Vincent Ruocco, 78, was arrested in Colomcia for attempting to smuggle drugs overseas. Photo / Daily Telegraph
Vincent Ruocco, 78, was arrested in Colomcia for attempting to smuggle drugs overseas. Photo / Daily Telegraph
A 78-year-old British "narcograndad" is being held in Colombia for attempting to smuggle cocaine out of the country as the country deals with a surge in pensioners being used to traffic drugs abroad.
Vincent Ruocco from Manchester was arrested at Bogotá's El Dorado airport after the police found 9kg ofcocaine hidden in wooden pedicure files stashed in his luggage.
Colombian officials say the number of elderly people used as so-called "drug mules" nearly doubled in the last year. So far this year 47 people aged between 50 and 80 have been caught, with 14 of those over the age of 65. In 2018 33 were caught.
The numbers are likely to represent a fraction of the total number of elderly people used to smuggle drugs, many of whom go undetected.
"These people represent a vulnerable section of society," Colonel Wilson Siza of Colombia's Antinarcotics police told The Telegraph.
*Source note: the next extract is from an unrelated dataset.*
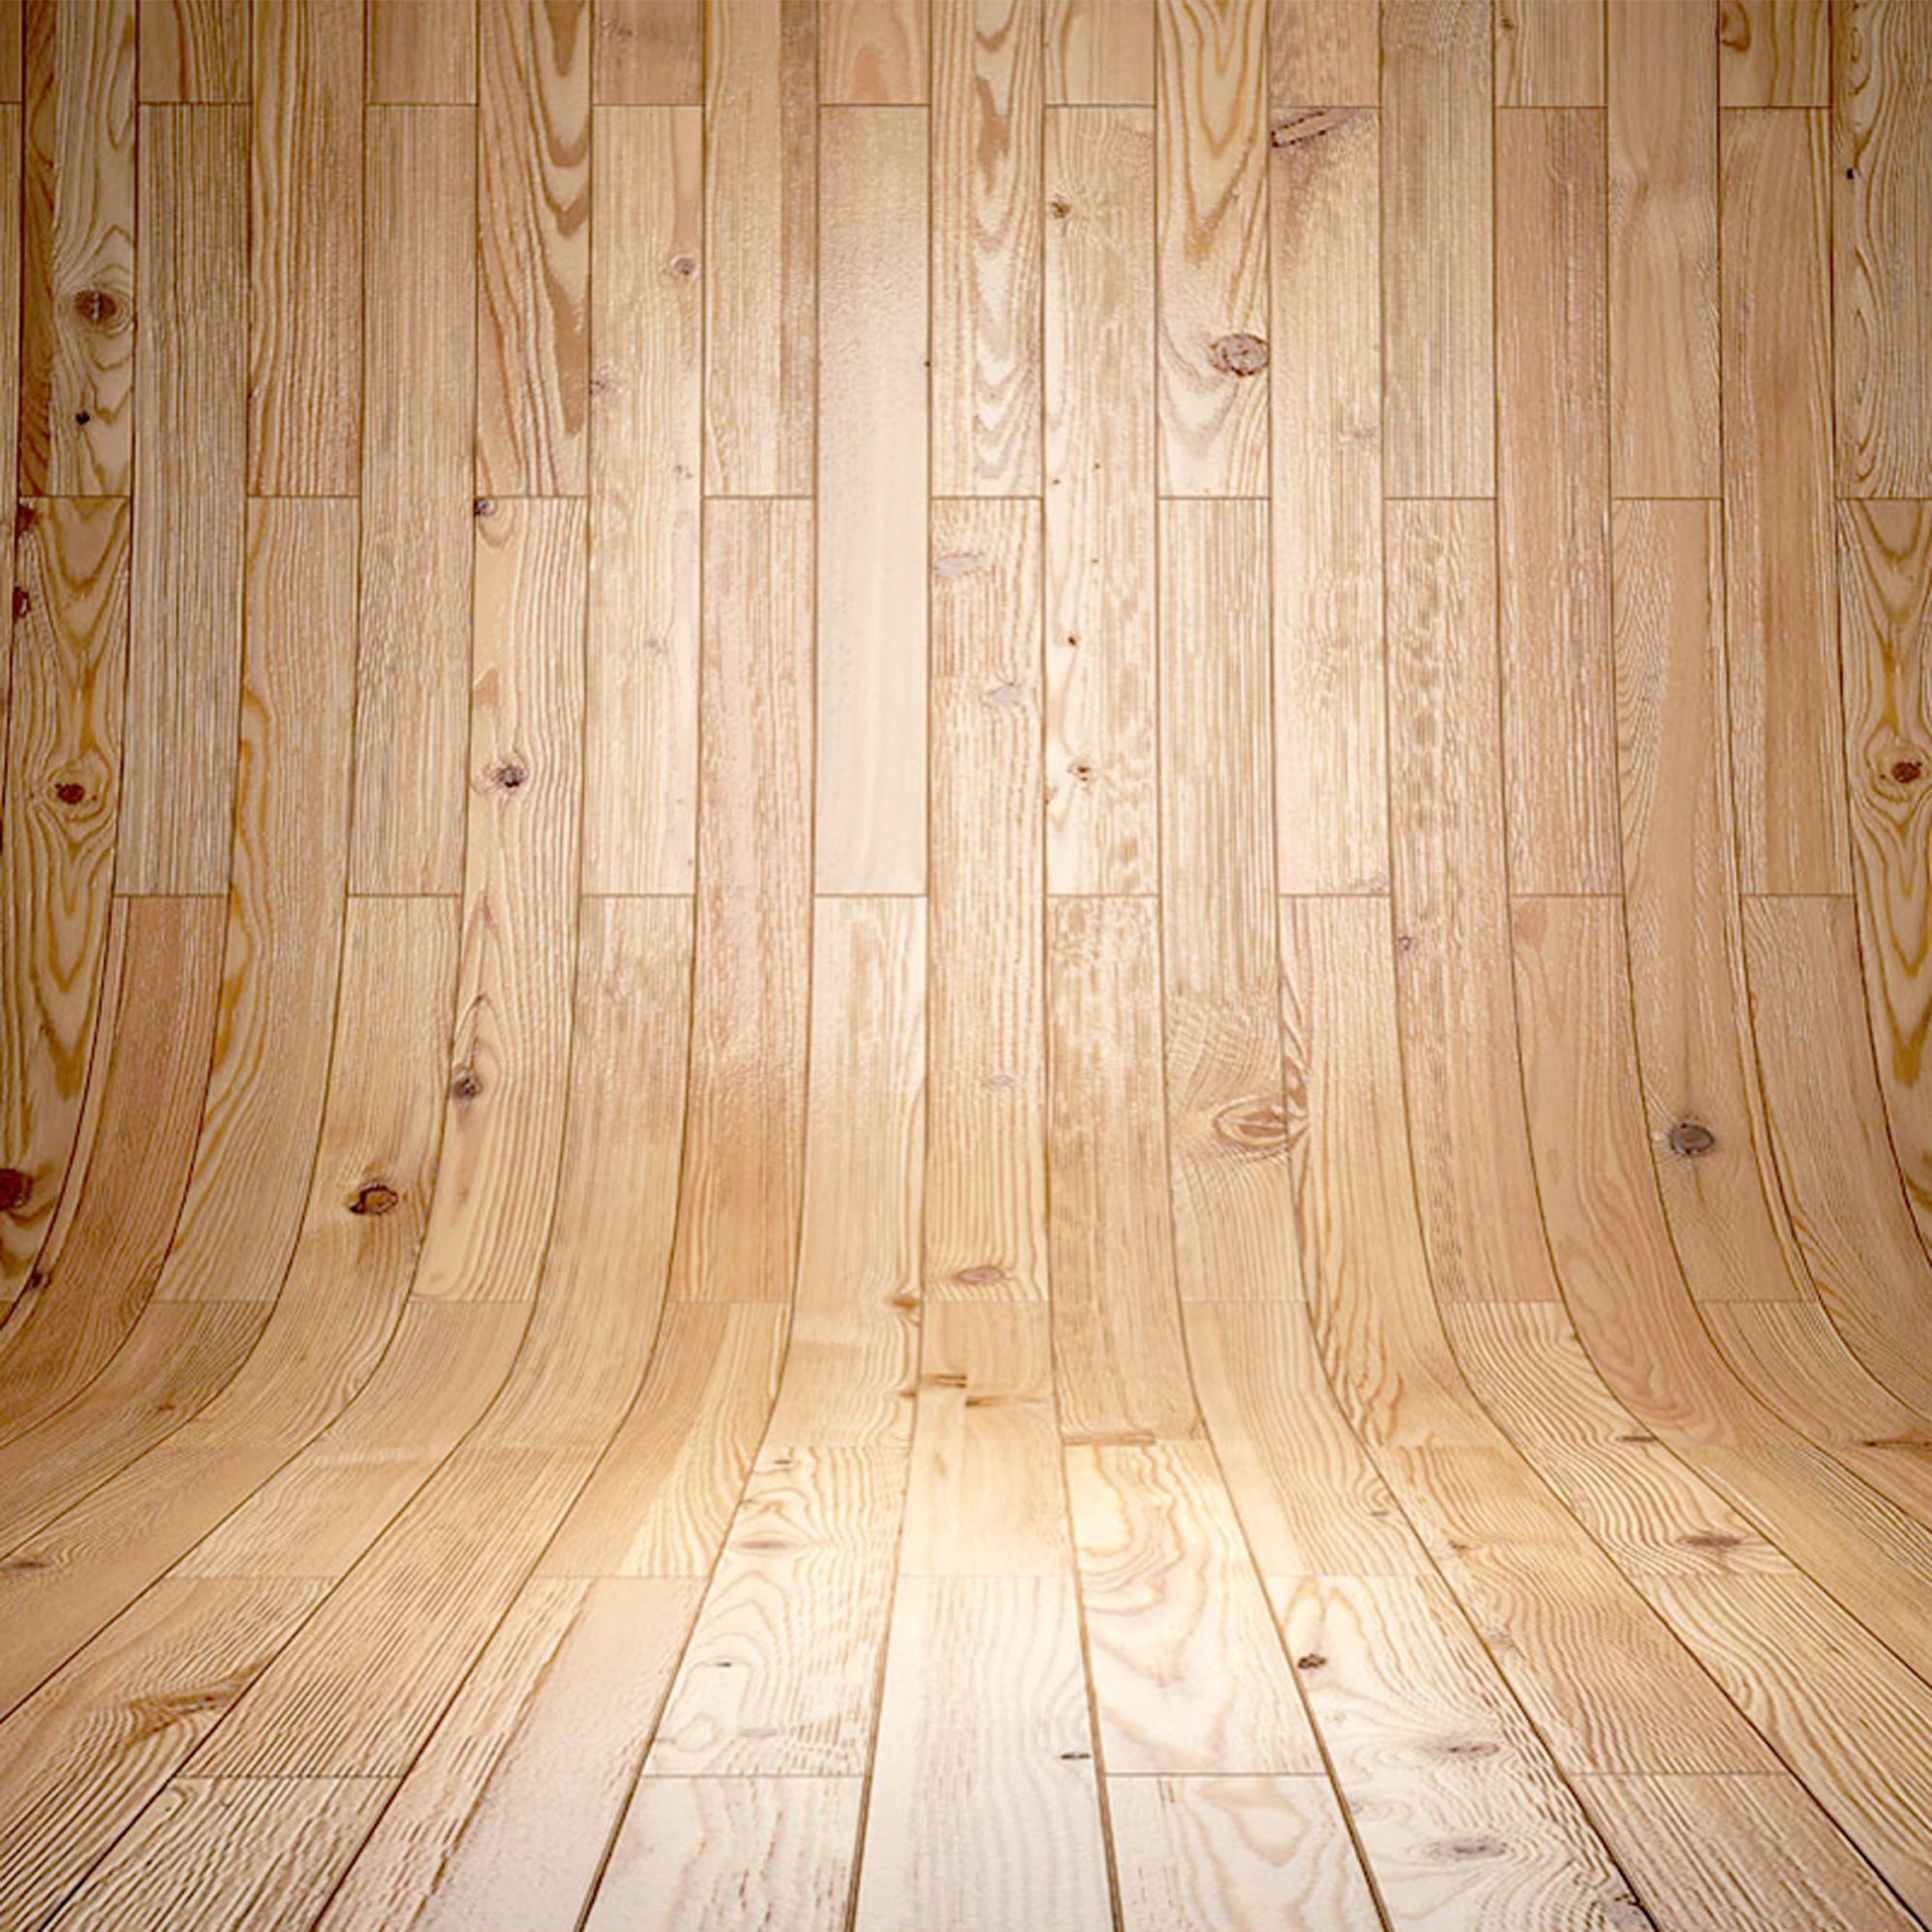 Painel Textura Material Madeira Background Assoalho de

But in Colombia, one of the reasons gangs use senior citizens to move their drugs is that they often get away with non-custodial sentences, according to the police. Pensioners convicted of crime are usually placed under house arrest or a temporary curfew.
"The risk for them is therefore considered to be less so it's easier to persuade them to try," said colonel Siza.
Very few drugs mules are repeat offenders, according to the Colombian authorities, but Mr Ruocco, who is currently in custody awaiting trial in Bogotá, had previously been detained at Heathrow airport after arriving on a flight from Togo with 2.5kg of cocaine in his luggage in 2014.
He was found not guilty of the offence in April 2015.
Approximately 70 per cent of the cocaine consumed globally comes from Colombia.
The country also seizes more cocaine than any other in the world, although the total amount of seizures dropped by 4.7 per cent, from 434.7 tons in 2017 to 414.5 tons in 2018.